I am trying to generate data from a multinomial distribution in R using the function rmultinom, but I am having some problems. The fact is that I want a data frame of 50 rows and 20 columns and a total sum of the outcomes equal to 3 times n*p.
I am using this code:
p <- 20
n <- 50
N <- 3*(n*p)
prob_true <- rep(1/p, p)
a <- rmultinom(50, N, prob_true)
But I get some very strange results and a data frame with 20 rows and 50 columns. How can I solve this problem?
Thanks in advance!
The help available at ?rmultinom
says that n
in rmultinom(n, size, prob)
is:
"number of random vectors to draw"
And size
is:
"specifying the total number of objects that are put into K boxes in the typical multinomial experiment"
And the help says that the output is: "For rmultinom(), an integer K x n matrix where each column is a random vector generated according to the desired multinomial law, and hence summing to size"
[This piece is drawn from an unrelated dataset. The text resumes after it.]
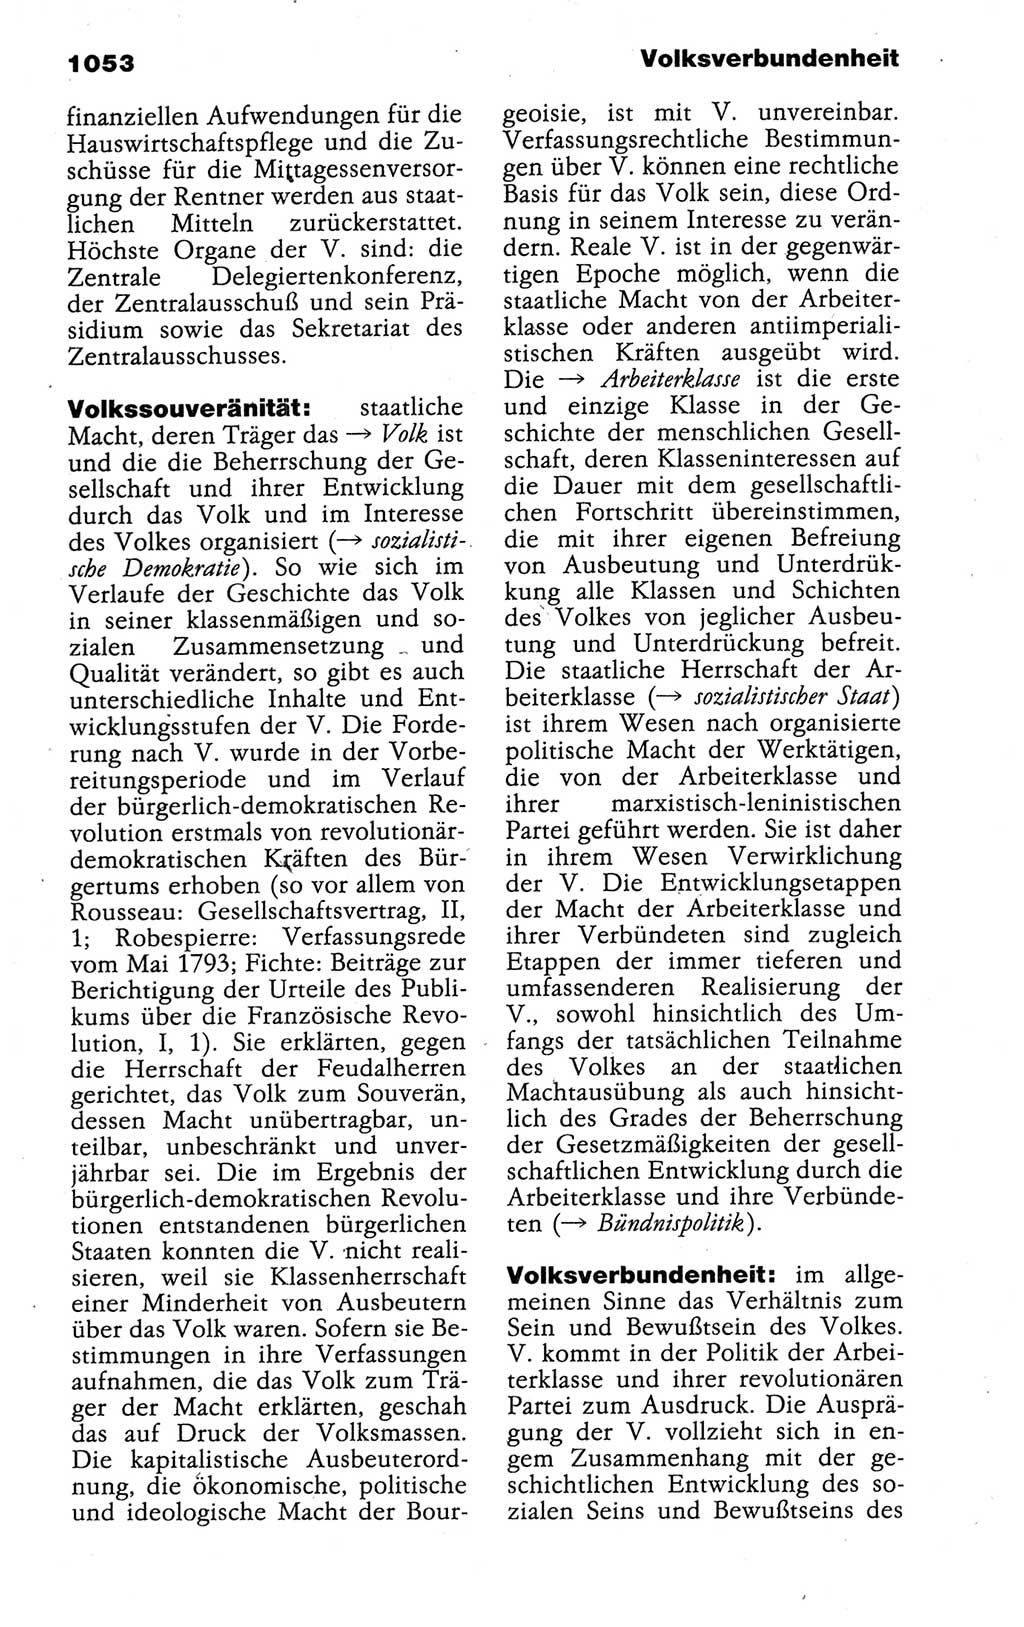 Kleines politisches Wörterbuch [Deutsche Demokratische Republik (DDR)] 1988, Seite 1053 (Kl. pol. Wb. DDR 1988, S. 1053)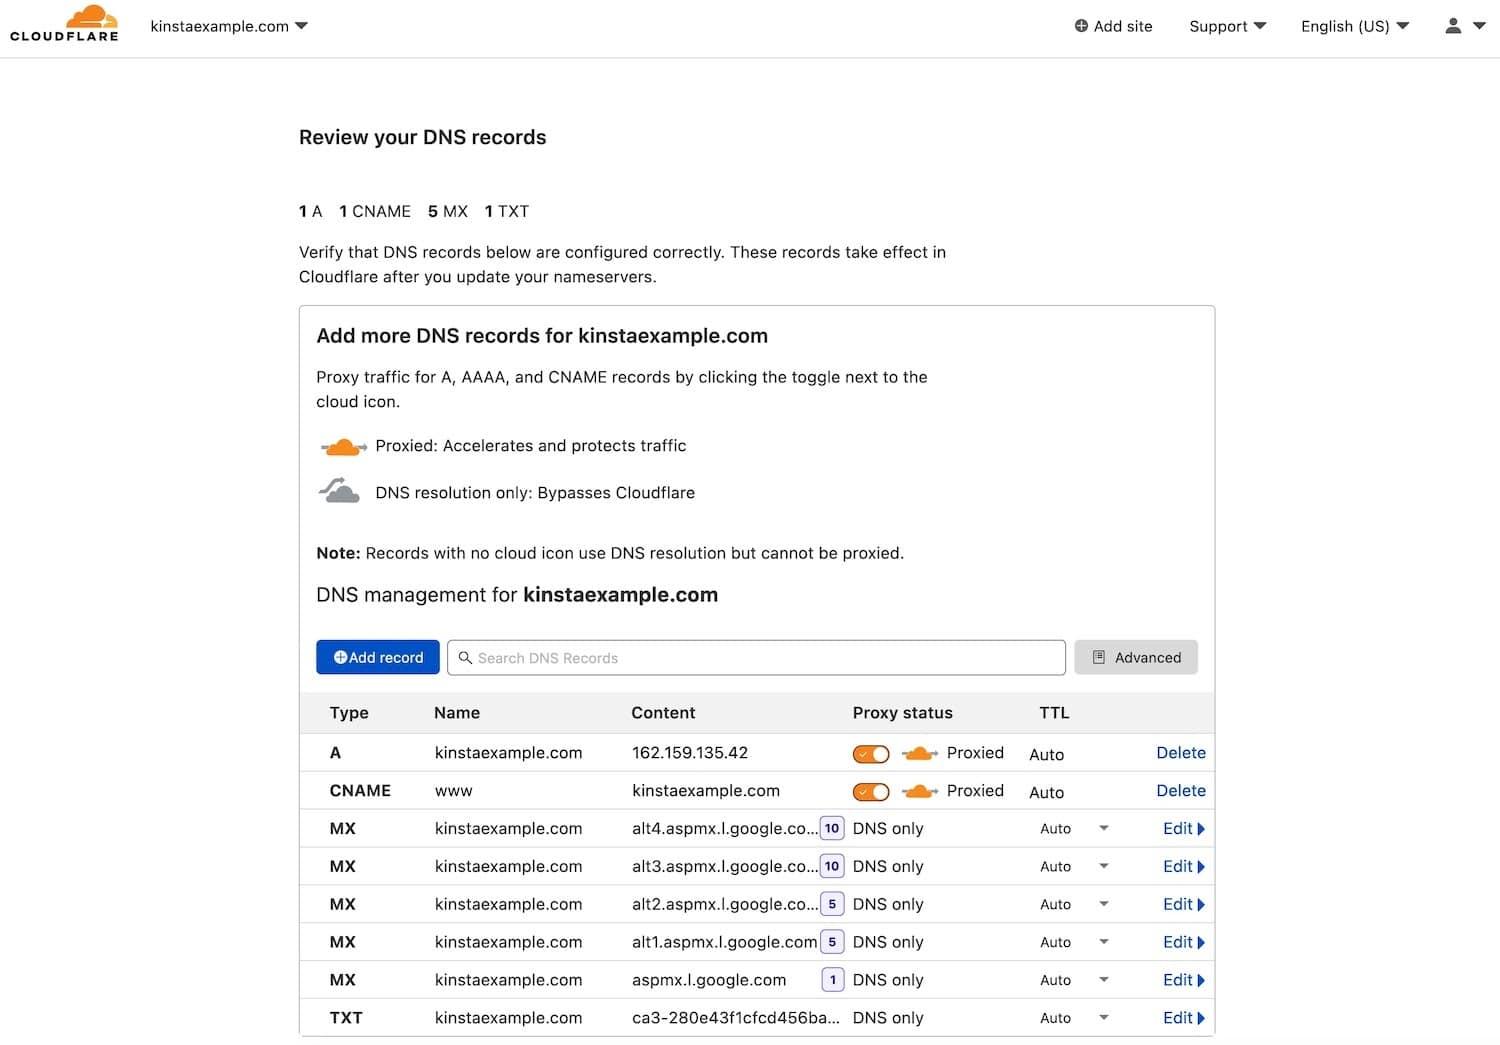 Examen des enregistrements DNS d'un domaine nouvellement ajouté dans Cloudflare.

So you're asking for 50 vectors/variables with a total number of "objects" equal to 3000, so each column is drawn as a vector that sums to 3000.
colSums(a)
does result in 3000
.
Do you want your vectors/variables as rows? Then this would work just by transposing a
:
t(a)
but if you want 20 columns, each that is its own variable, you would need to switch your n
and p
(I also subbed in n
in the rmultinom
call):
n <- 20
p <- 50
N <- 3*(n*p)
prob_true <- rep(1/p, p)
a <- rmultinom(n, N, prob_true)